§ INSTRUCTIONS TO FOLLOW: Please set down, unchanged, each line from the one with "الدكتور سلطان الشهري" to the final line of the data below, both included. Drop the pictures.

──────── RECORDED DATA ────────

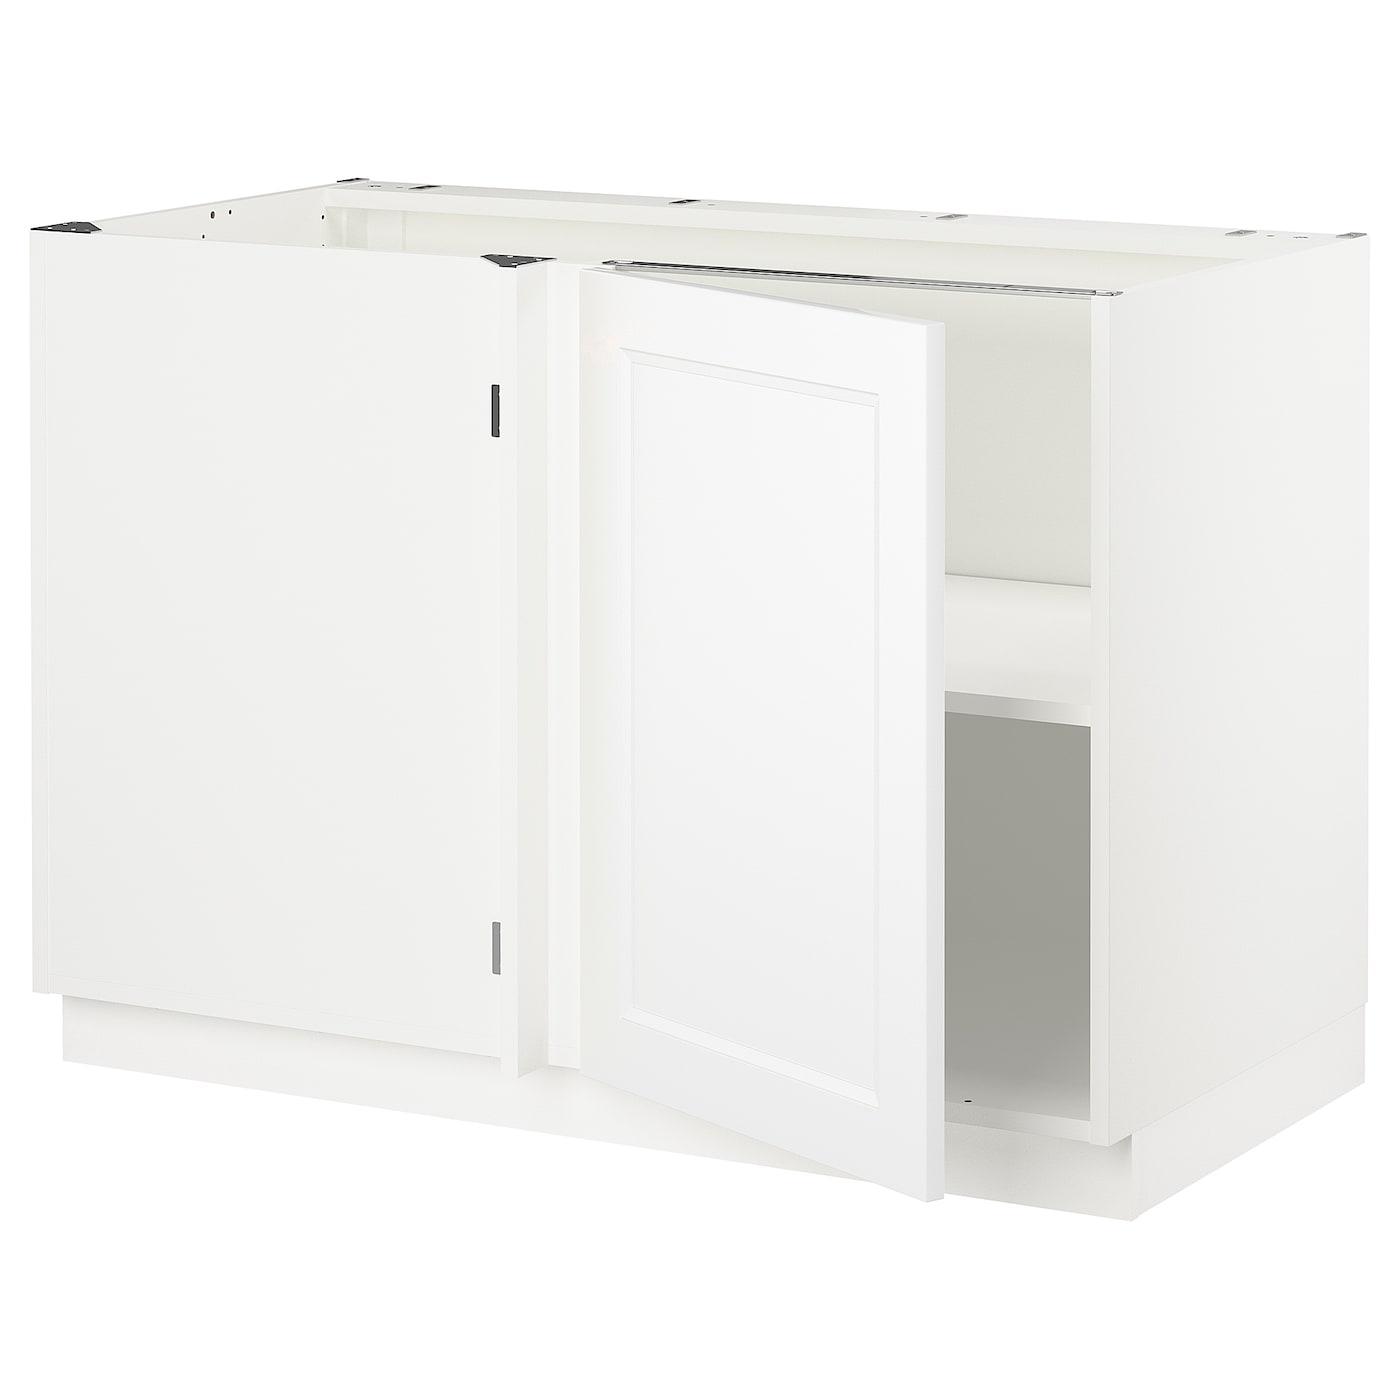 SEKTION Corner base cabinet with shelf - white, Axstad ...
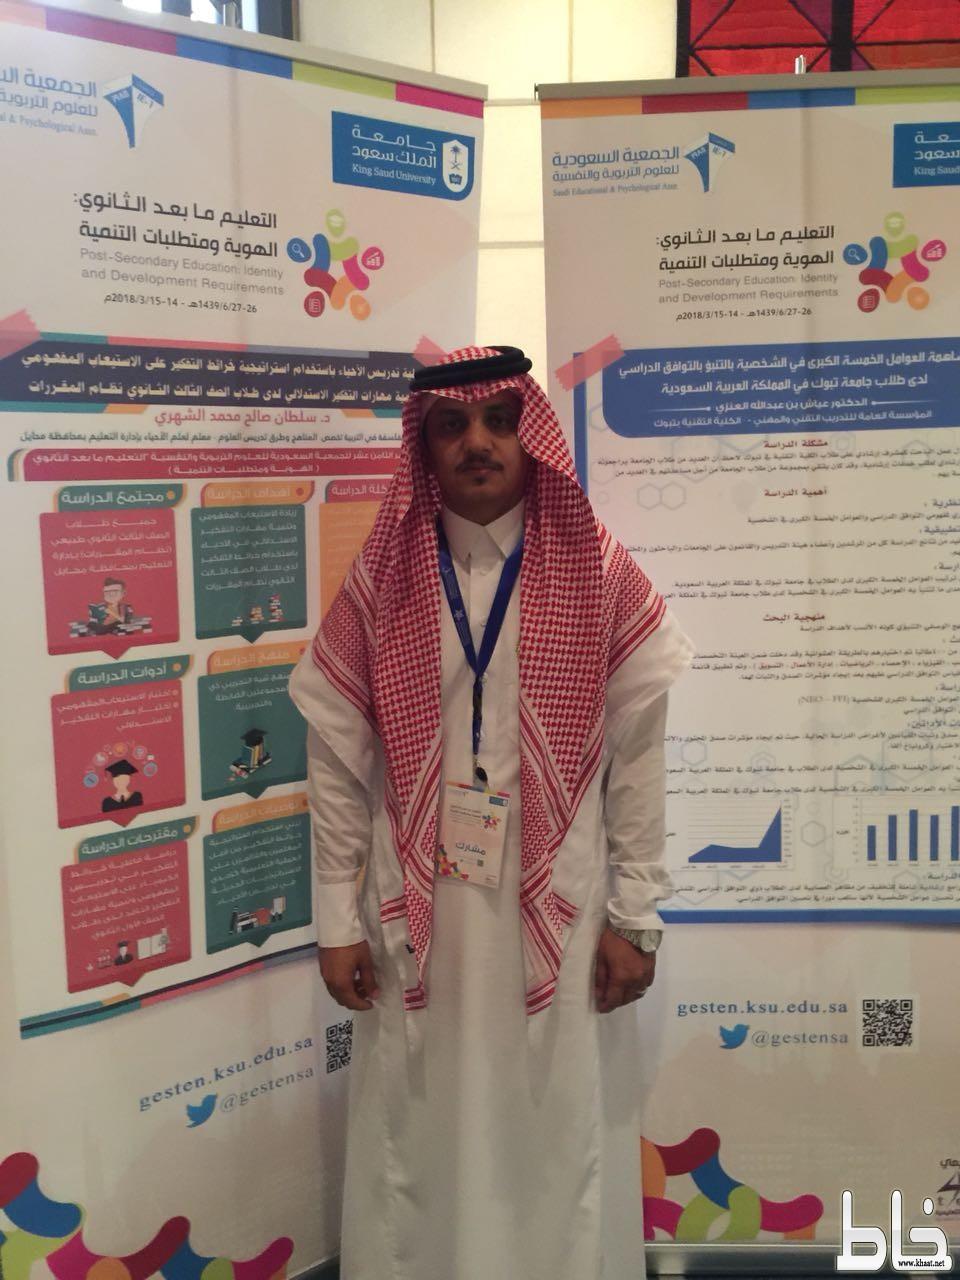 الدكتور سلطان الشهري يُشارك بورقة بحثية بجامعة الملك سعود
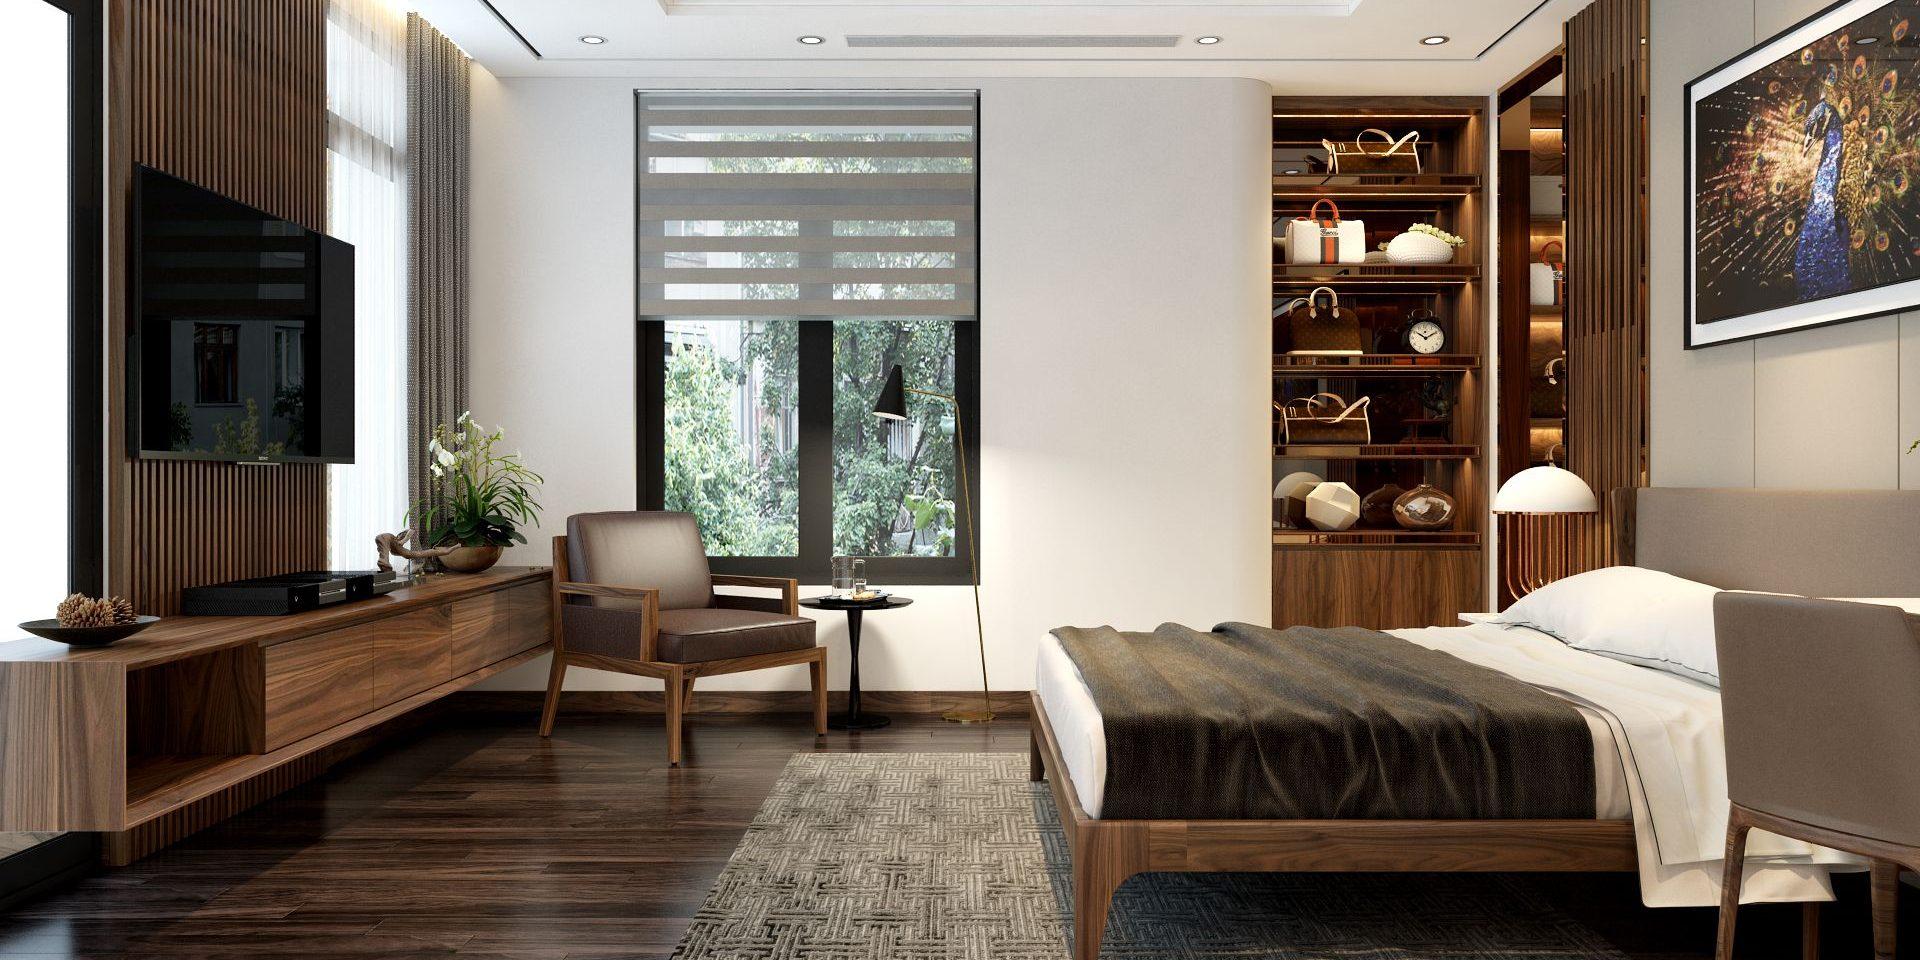 Bố cục không gian của nội thất hiện đại thông thoáng và khoa học

────────

§ OUTPUT FOR THIS TASK:
 الدكتور سلطان الشهري يُشارك بورقة بحثية بجامعة الملك سعود
 Bố cục không gian của nội thất hiện đại thông thoáng và khoa học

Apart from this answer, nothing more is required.